Segment Start: AVAILABLE DATA

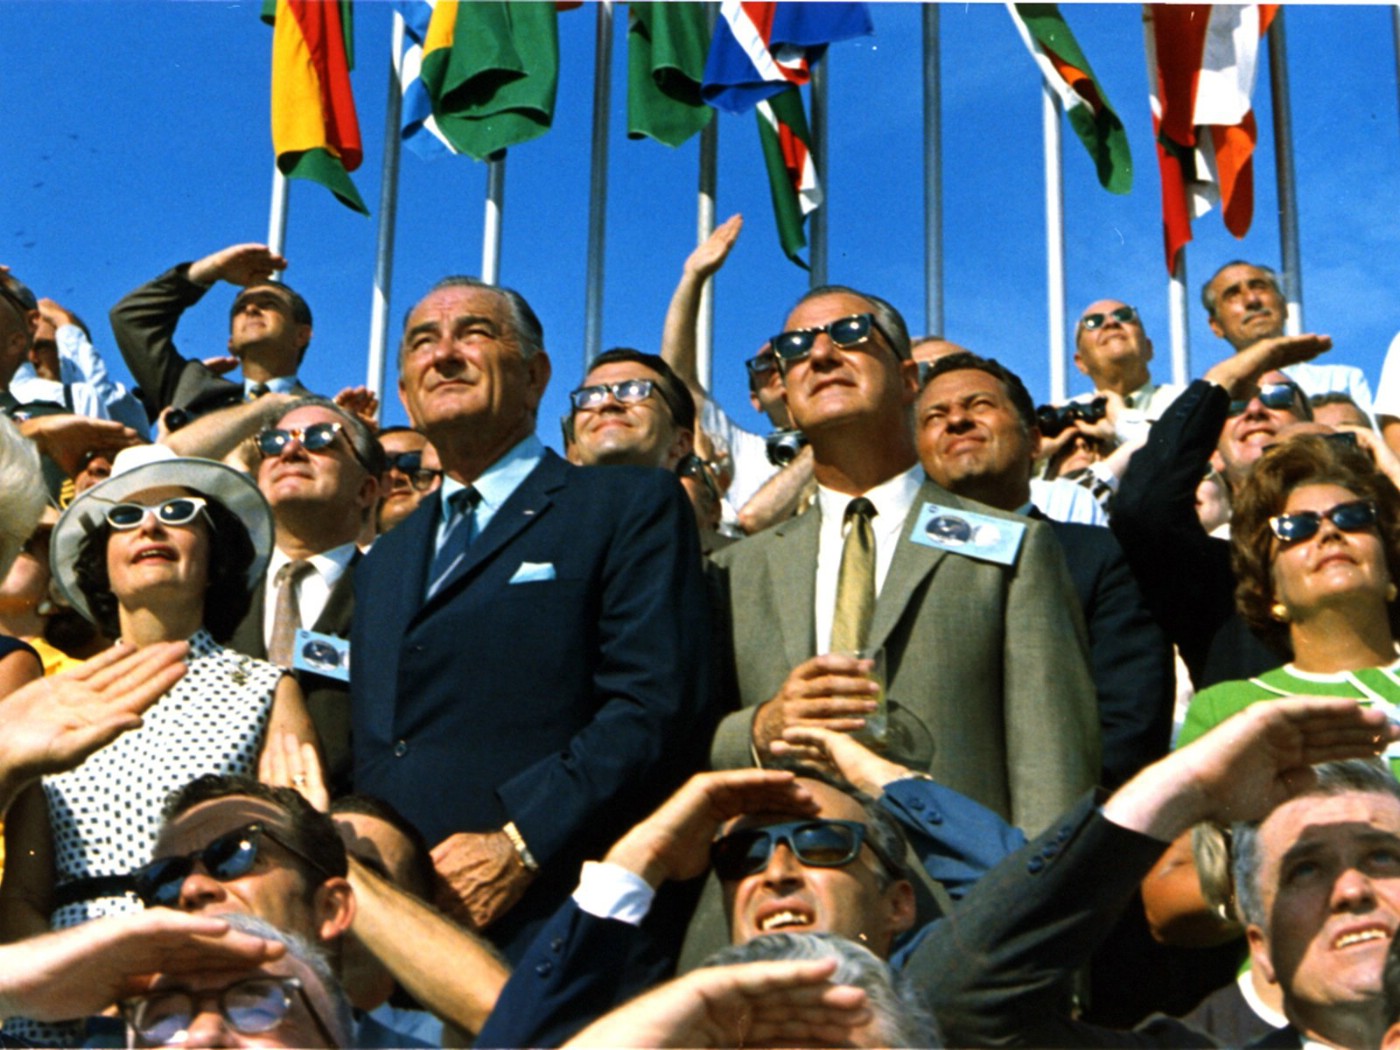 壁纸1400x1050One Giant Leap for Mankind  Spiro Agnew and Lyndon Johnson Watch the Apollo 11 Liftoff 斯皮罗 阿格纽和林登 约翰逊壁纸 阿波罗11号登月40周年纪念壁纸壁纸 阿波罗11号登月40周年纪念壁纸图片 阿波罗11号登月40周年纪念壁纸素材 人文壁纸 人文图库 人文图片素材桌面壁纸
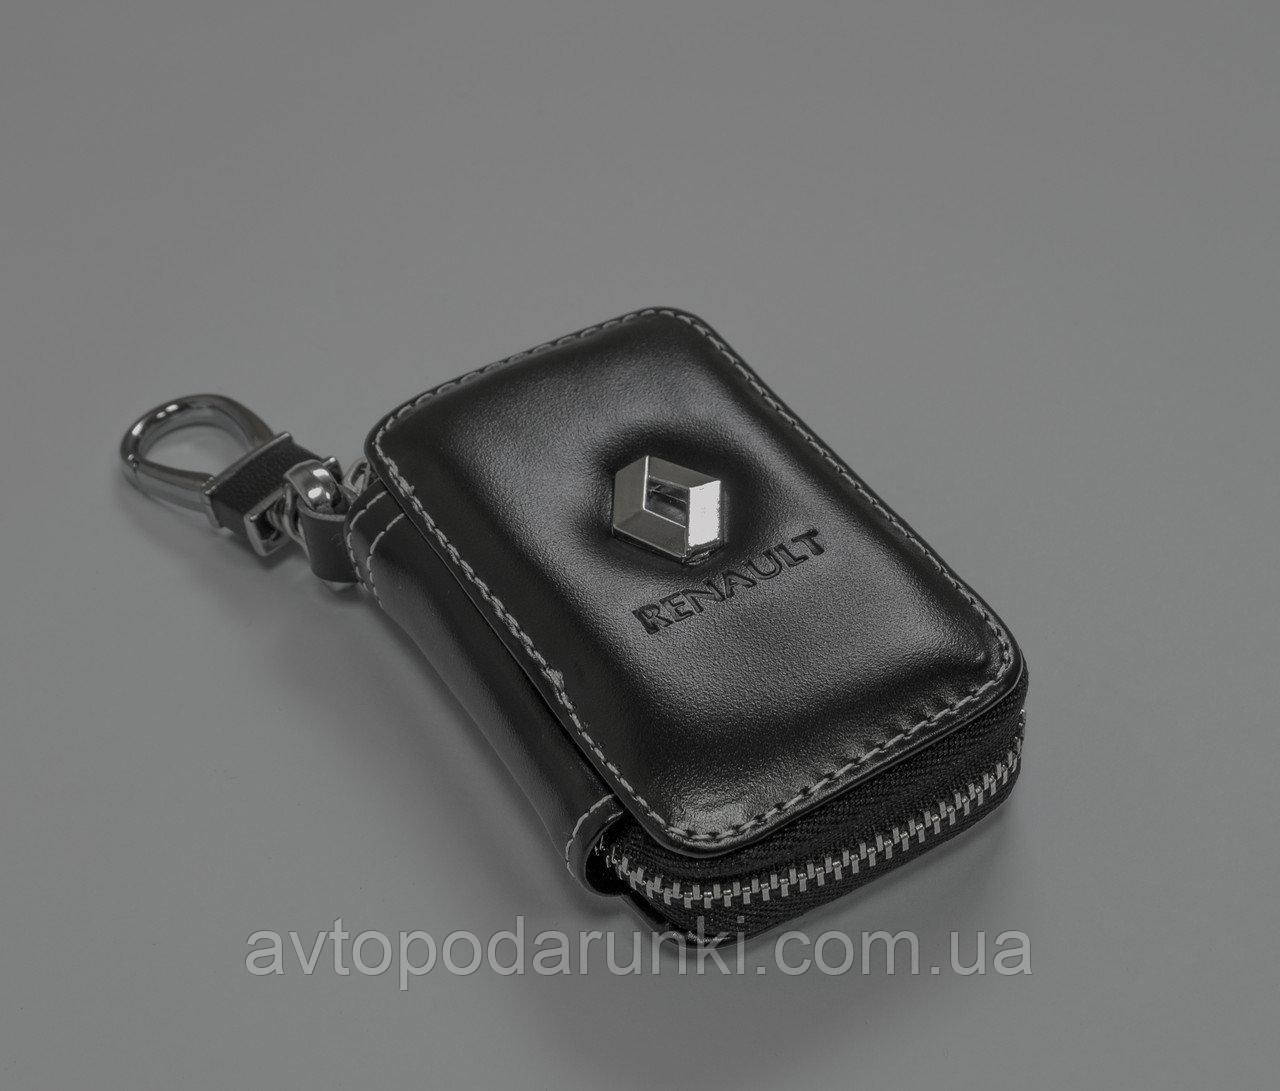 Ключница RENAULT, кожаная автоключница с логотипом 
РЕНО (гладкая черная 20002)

Segment End: AVAILABLE DATA

Return the full set of lines above word for word and with no pictures.

 壁纸1400x1050One Giant Leap for Mankind  Spiro Agnew and Lyndon Johnson Watch the Apollo 11 Liftoff 斯皮罗 阿格纽和林登 约翰逊壁纸 阿波罗11号登月40周年纪念壁纸壁纸 阿波罗11号登月40周年纪念壁纸图片 阿波罗11号登月40周年纪念壁纸素材 人文壁纸 人文图库 人文图片素材桌面壁纸
 Ключница RENAULT, кожаная автоключница с логотипом 
РЕНО (гладкая черная 20002)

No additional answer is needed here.